(Provided information)
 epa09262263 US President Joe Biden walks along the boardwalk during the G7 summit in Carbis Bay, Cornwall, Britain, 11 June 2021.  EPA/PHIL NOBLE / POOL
(End Provided information)
(Provided information)
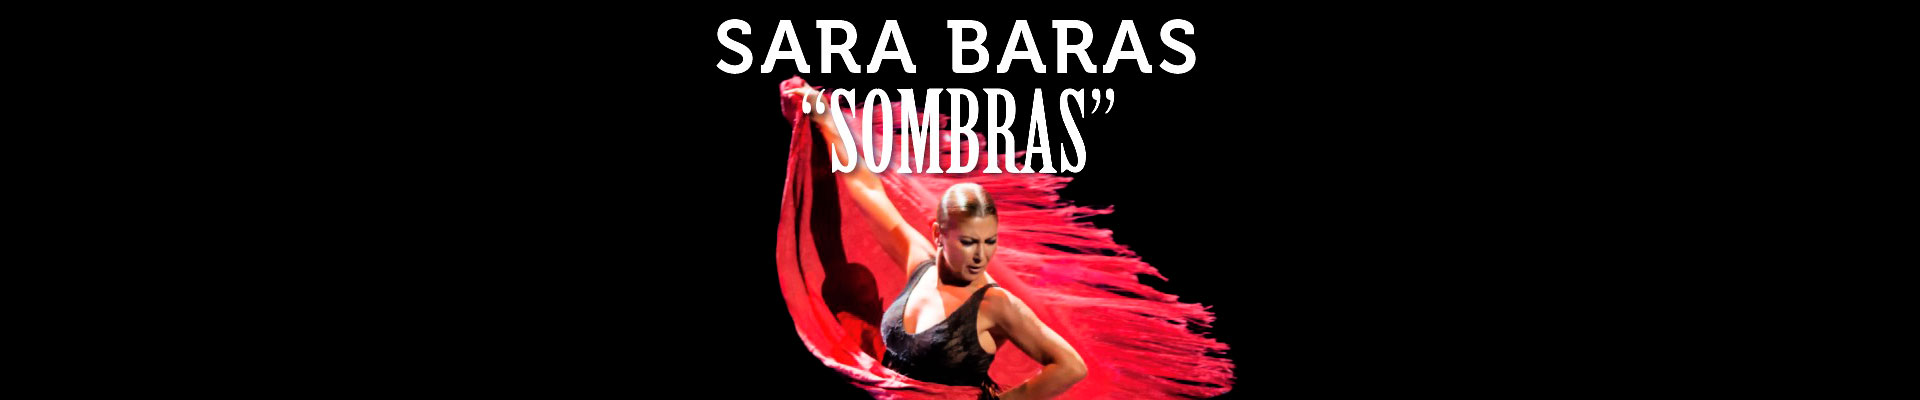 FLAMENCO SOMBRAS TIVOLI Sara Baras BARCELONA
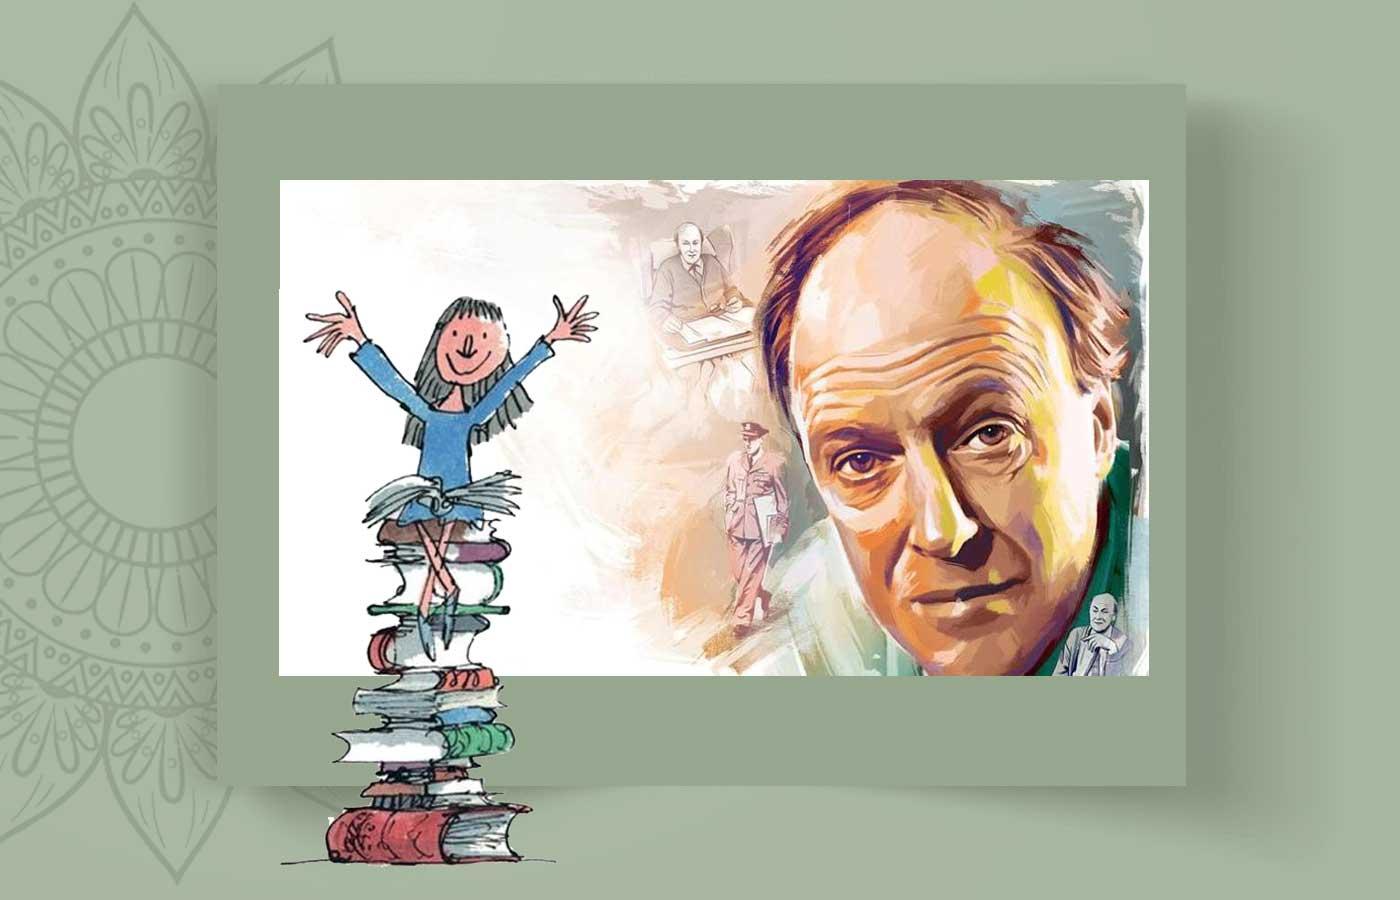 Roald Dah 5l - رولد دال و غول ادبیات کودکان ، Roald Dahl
(End Provided information)
(Provided information)
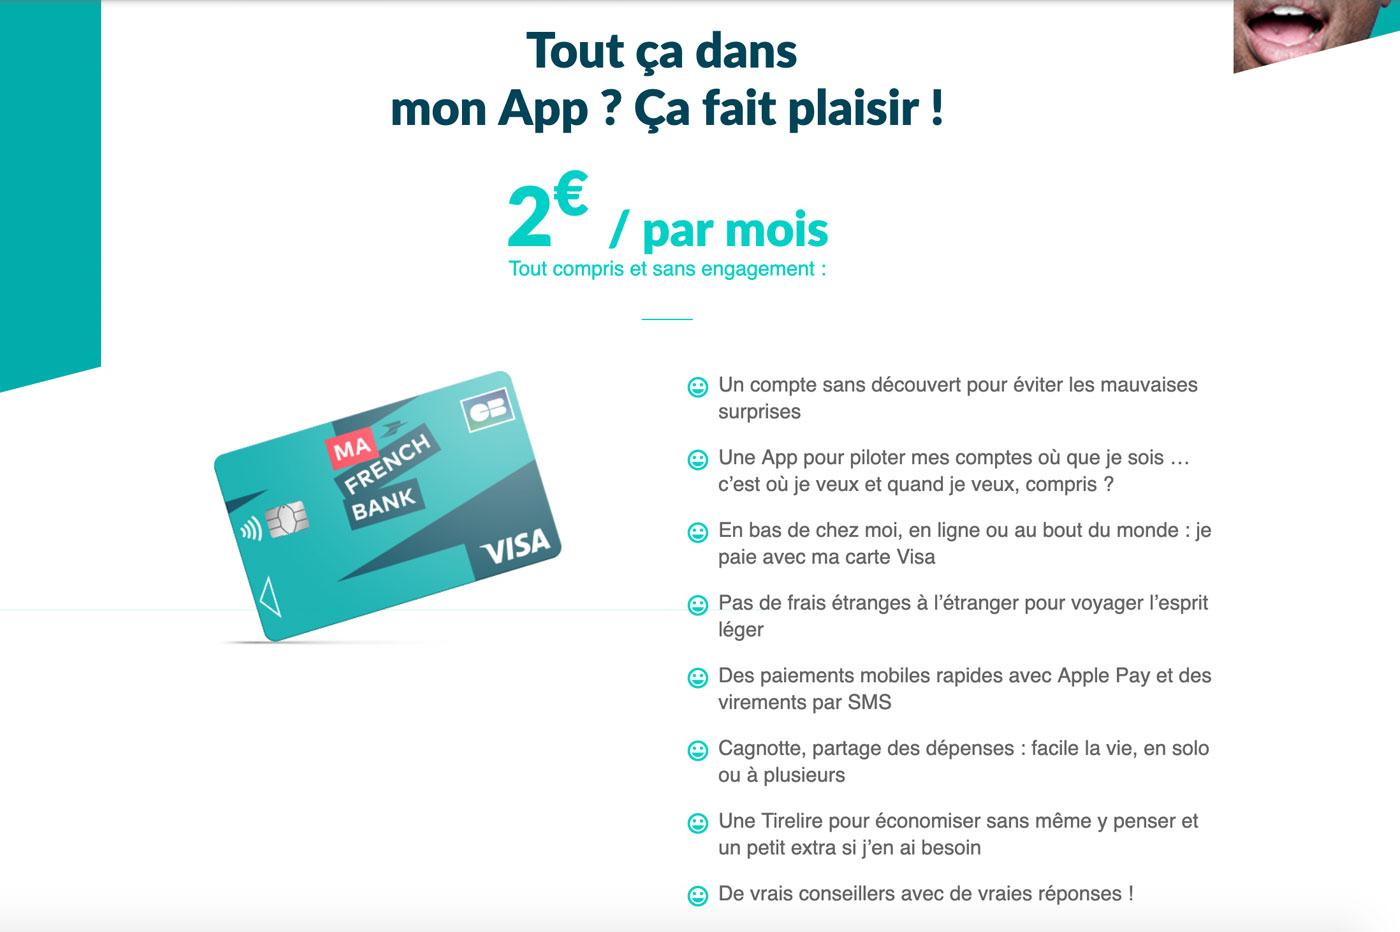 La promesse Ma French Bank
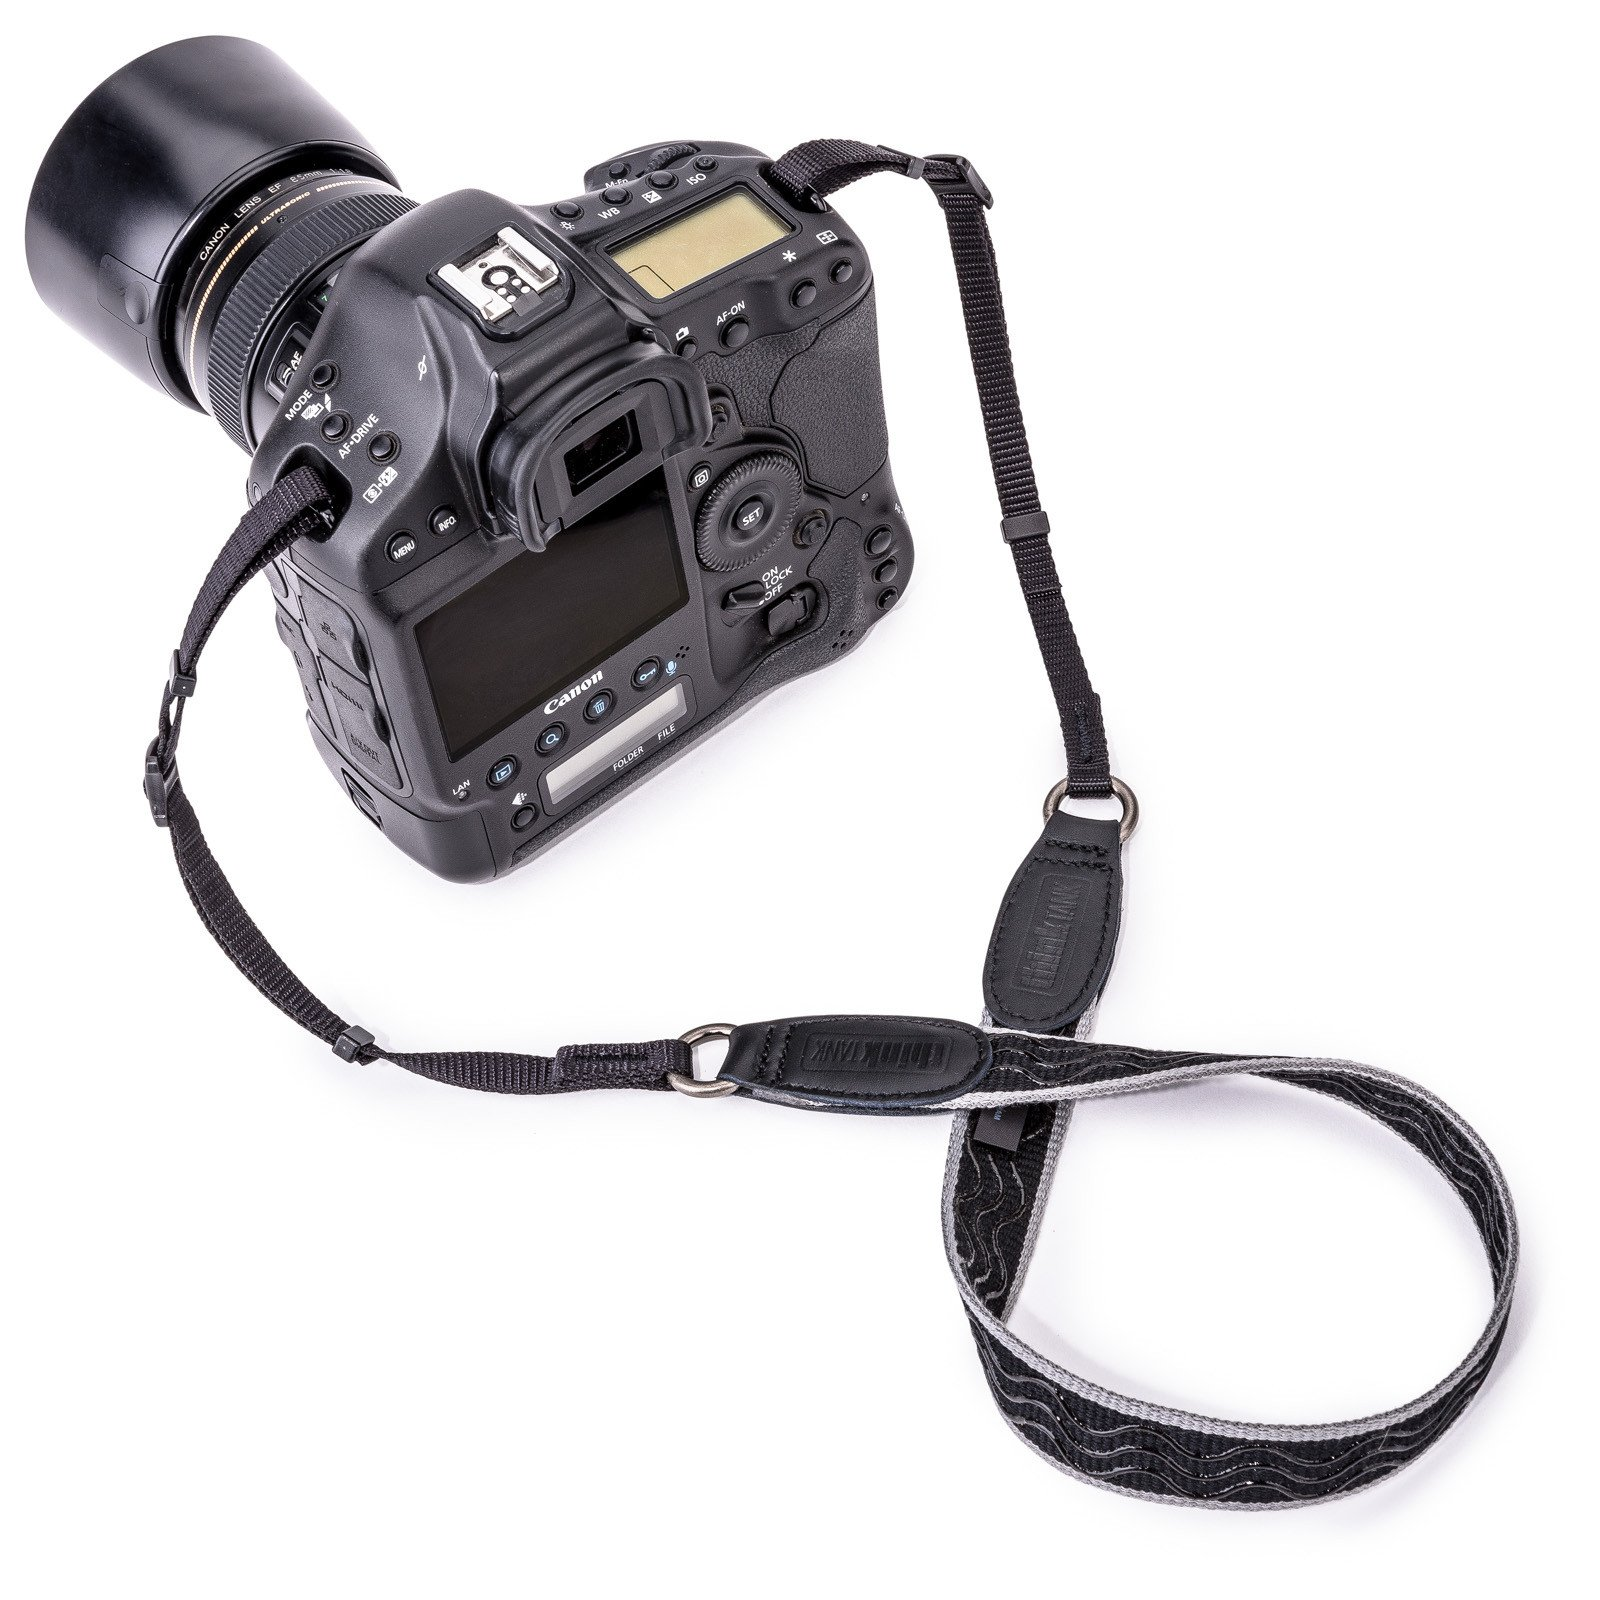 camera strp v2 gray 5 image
(End Provided information)
■ **Instructions for the task**
What belongs in the answer is each line above from the line with "La promesse Ma French Bank" to the line with "camera strp v2 gray 5 image", inclusive, reproduced exactly and free of pictures.

■ **Response to this exercise**
 La promesse Ma French Bank
 camera strp v2 gray 5 image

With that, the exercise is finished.